All related party transactions were in the normal course of operations. All amounts owing to related parties are non-interest bearing and due on demand.
Compensation of Key Management
The Company has determined that key management personnel consist of its managers, officers and directors. In addition to salaries and fees paid to key management personnel, these groups also participate in the stock option plan. The total compensation expense, including salaries, fees and stock-based compensation relating to key management personnel for the years ended September 30, 2024 and 2023, was as follows:
| 2024 | 2023 | |
|---|---|---|
| Salary, fees and other benefits | 400,722 | 356,854 |
| Share-based compensation | - | 197,337 |
| 400,722 | 554,191 |
Financial Instruments
The Company’s financial instruments consist of cash, accounts payable and accrued liabilities, and loans from related parties. Unless otherwise noted, management’s of the opinion that the Company is not exposed to significant interest, currency or credit risks arising from these financial instruments. The Company’s cash is recorded at its fair value, and the fair values of these accounts payable and accrued liabilities, and loans from related parties approximate their carrying values due to their short-term nature.
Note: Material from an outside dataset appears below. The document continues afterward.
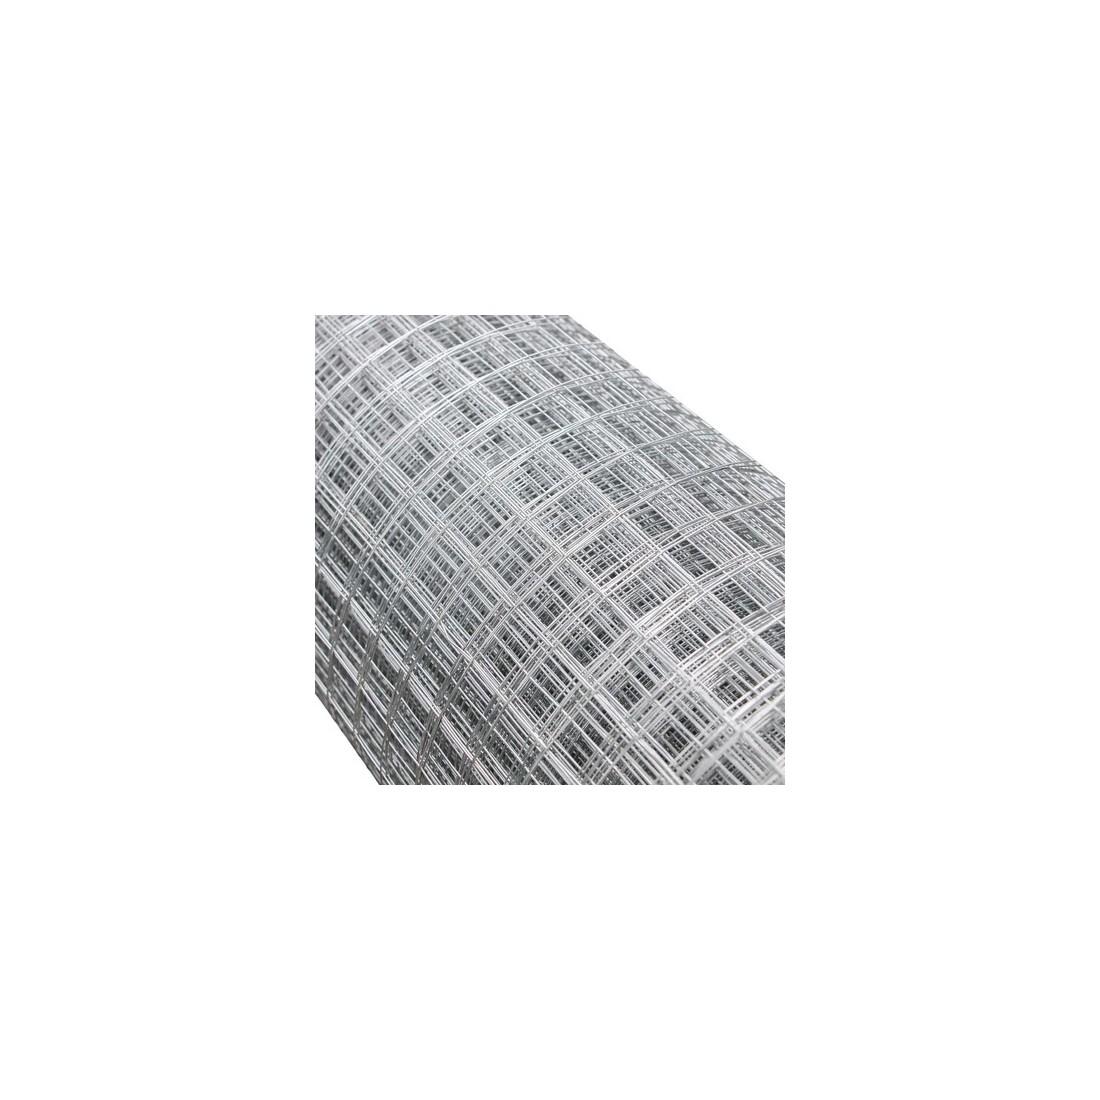 Rete metallica zincata rotolo 1.50 x 25

Critical Judgments and Estimates
The following are the critical judgments that management has made in the process of applying the Company’s accounting policies and that have the most significant effect on the amounts recognized in these consolidated financial statements:
i) Impairment of property, plant and equipment
Judgments are required to assess when impairment indicators, or reversal indicators, exist and impairment testing is required. In determining the recoverable amount of assets, in the absence of quoted market prices, impairment tests are based on estimates of reserves, production rates, future precious metals prices, future costs, discount rates, market value of land and other relevant assumptions.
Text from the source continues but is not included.